Abstract

In the era of Web 2.0, people have become accustomed to expressing their attitudes and exchanging opinions on social media sites such as Twitter. It is critical for security and business related applications to make sense of public opinions implied in users’ texts. Stance detection aims to classify the stances users hold towards certain targets as FAVOR, AGAINST or NONE. In the literature, many efforts have been paid on neural network based stance detection to avoid hand-crafted features. As a widely used neural network structure, convolutional neural network (CNN) can mine and combine various local textual features for classifying stances with high training efficiency.

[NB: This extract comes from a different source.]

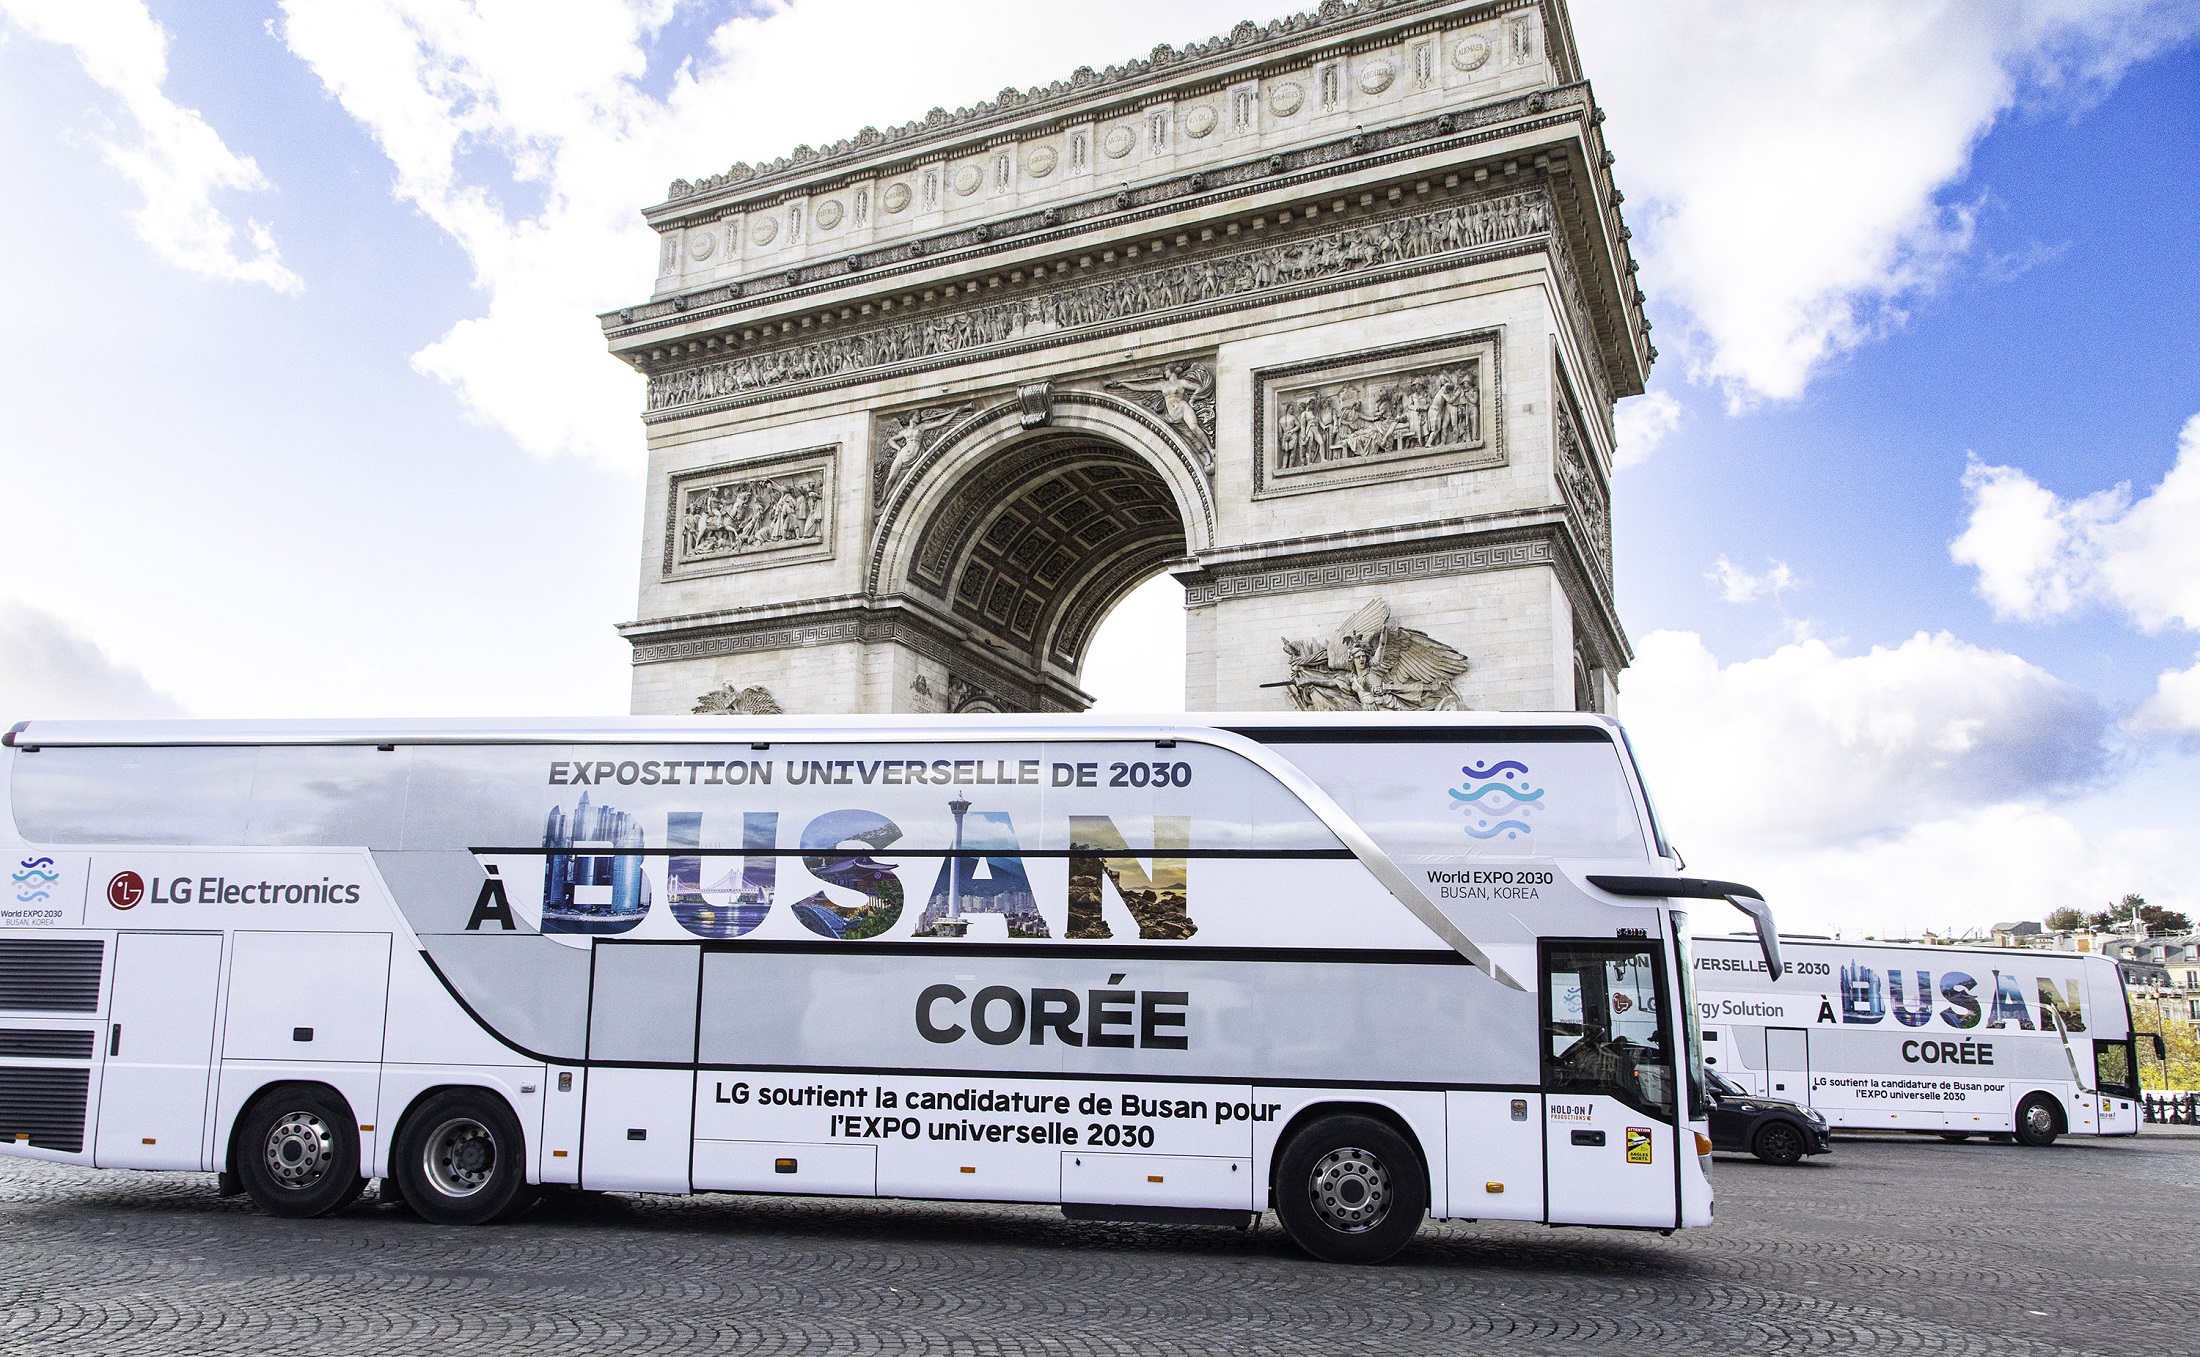 A photo of a big LG bus with the words 'A Busan Coree' passing by Arc de Triomphe

However, global textual information is usually neglected in the convolution process. Besides, stance clues are often mixed with less informative words in noisy tweets, and it is hard for CNN to resolve and leverage long-distance semantic dependencies between words effectively. To address these issues, in this paper, we propose CCNN-ASA, the Condensed CNN by Attention over Self-Attention, to detect the stances of tweets. We first introduce self-attention into CNN to adaptively enhance word embeddings with global textual information. To make stance clues close to each other and thus more salient, we further introduce attention-based condensation module which identifies stance-indicative words to condense tweets. Experiments on a benchmark dataset show that CCNN-ASA outperforms state-of-the-art methods in stance detection of tweets.